◆ **Task requirements**: From the first line to the last, print the material exactly, skipping the pictures.

◆ **Material provided**:

*****

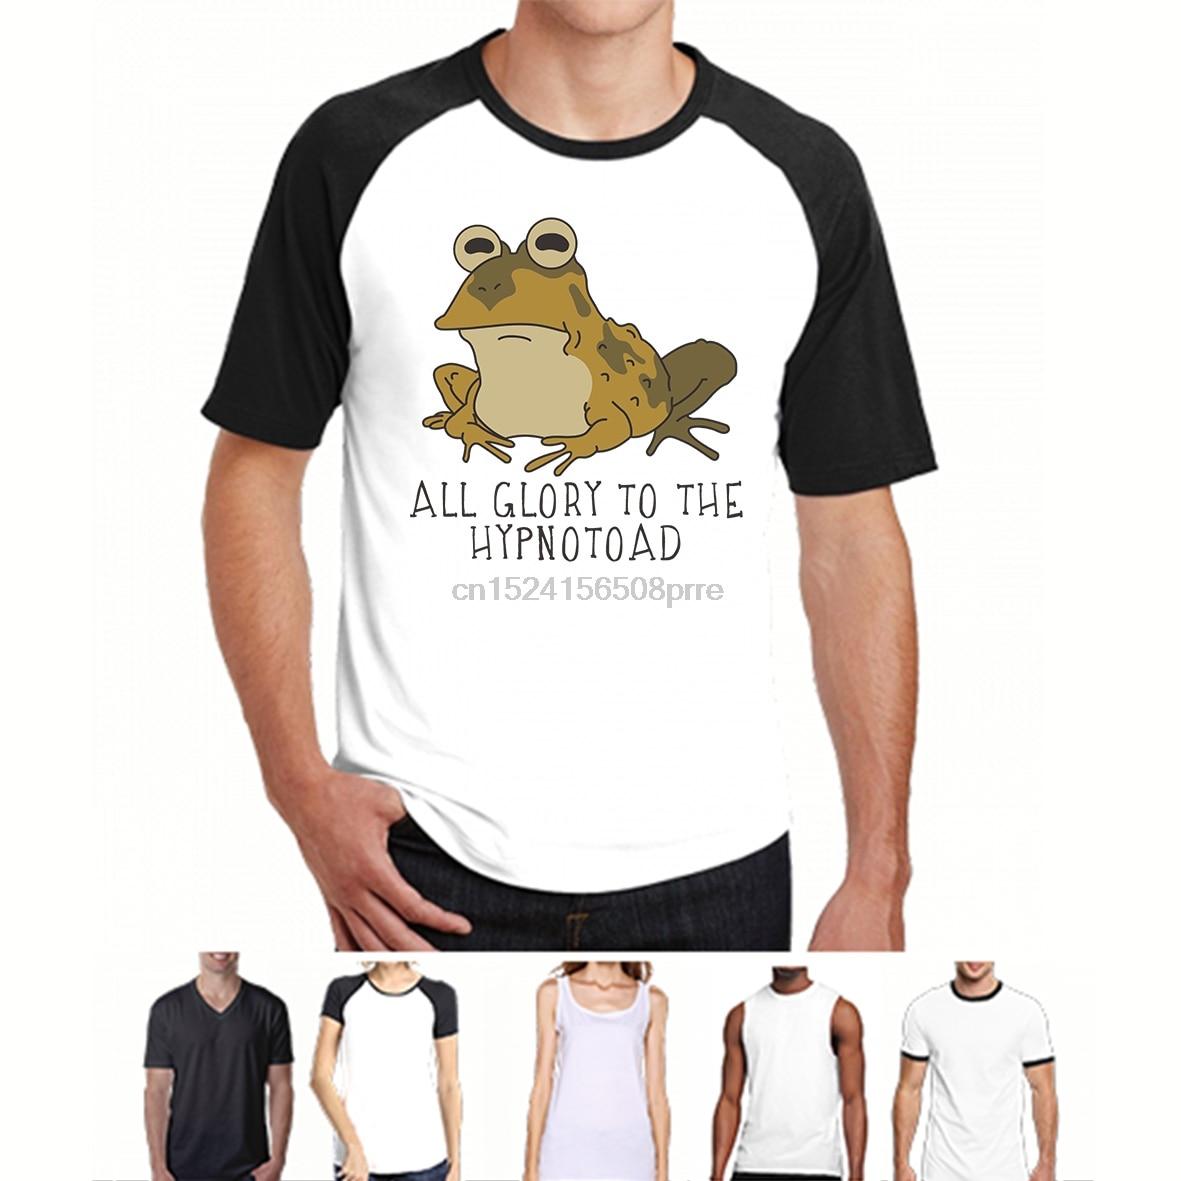 100% Cotton O-neck Custom Printed Tshirt Men T Shirt Hypnotoad - Hypnotoad Women T-shirt Superior Materials
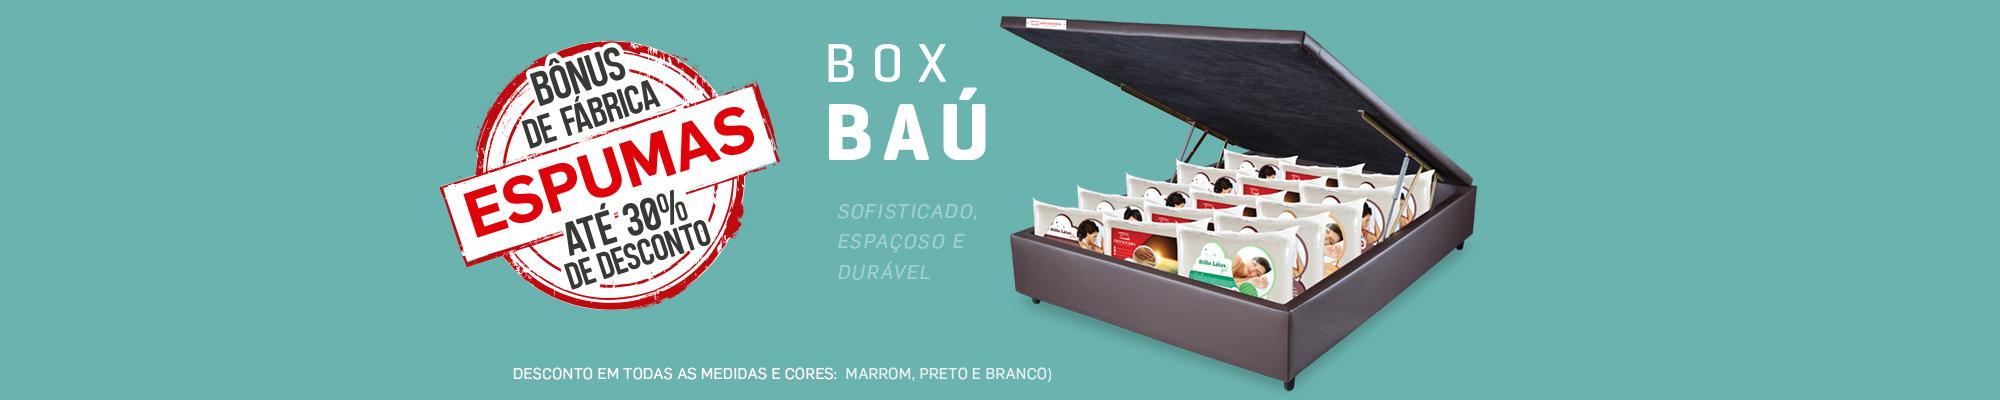 Bonus de Fabrica Box Bau
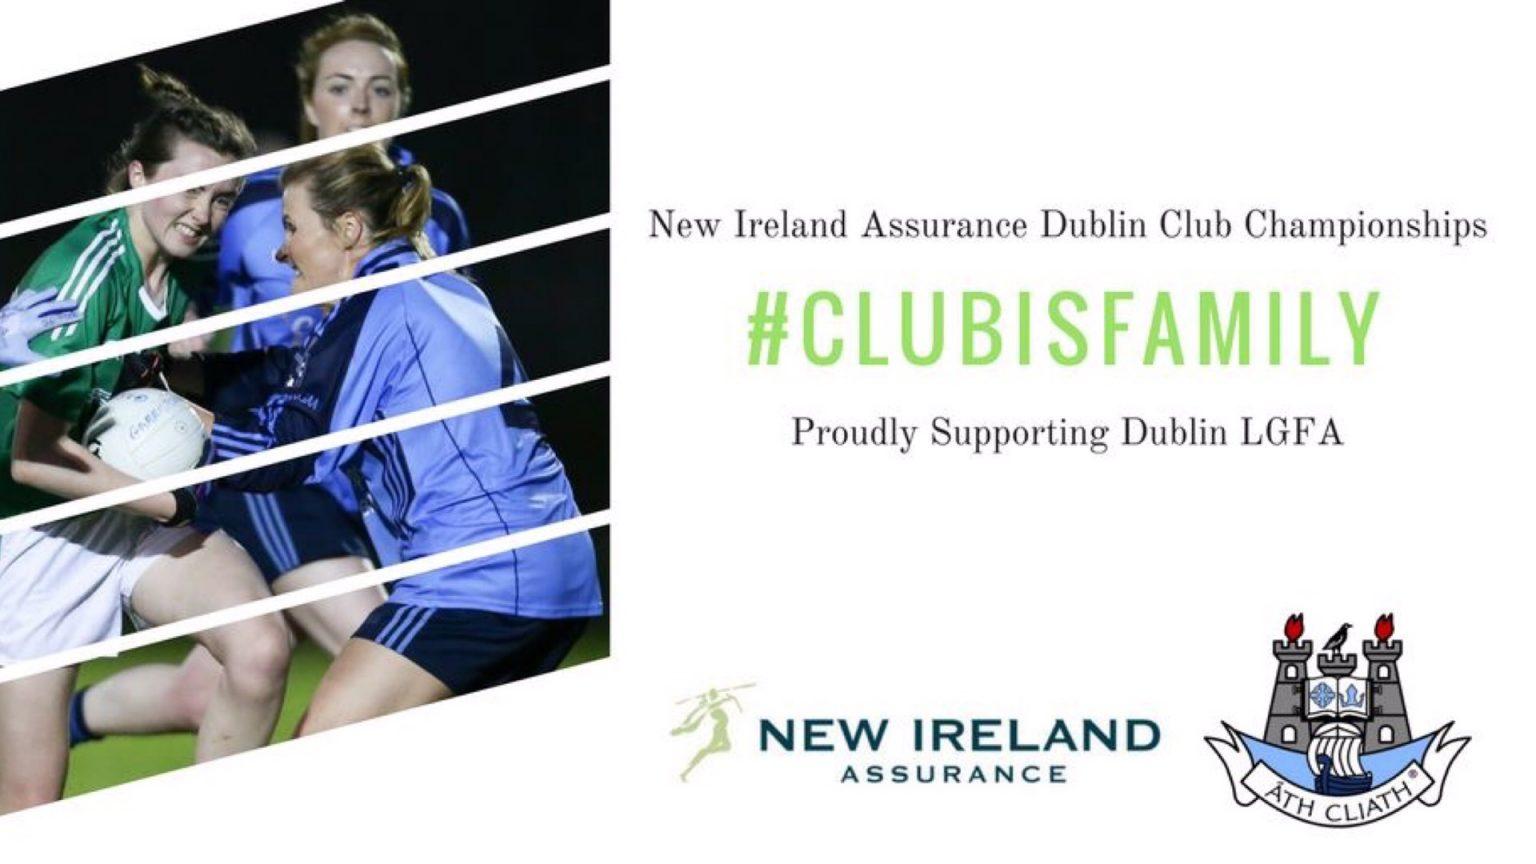 RESULTS FROM LAST NIGHT'S DUBLIN LGFA, NEW IRELAND ASSURANCE ADULT CLUB CHAMPIONSHIPS

*****

◆ **Task response**:
 100% Cotton O-neck Custom Printed Tshirt Men T Shirt Hypnotoad - Hypnotoad Women T-shirt Superior Materials
 Bonus de Fabrica Box Bau
 RESULTS FROM LAST NIGHT'S DUBLIN LGFA, NEW IRELAND ASSURANCE ADULT CLUB CHAMPIONSHIPS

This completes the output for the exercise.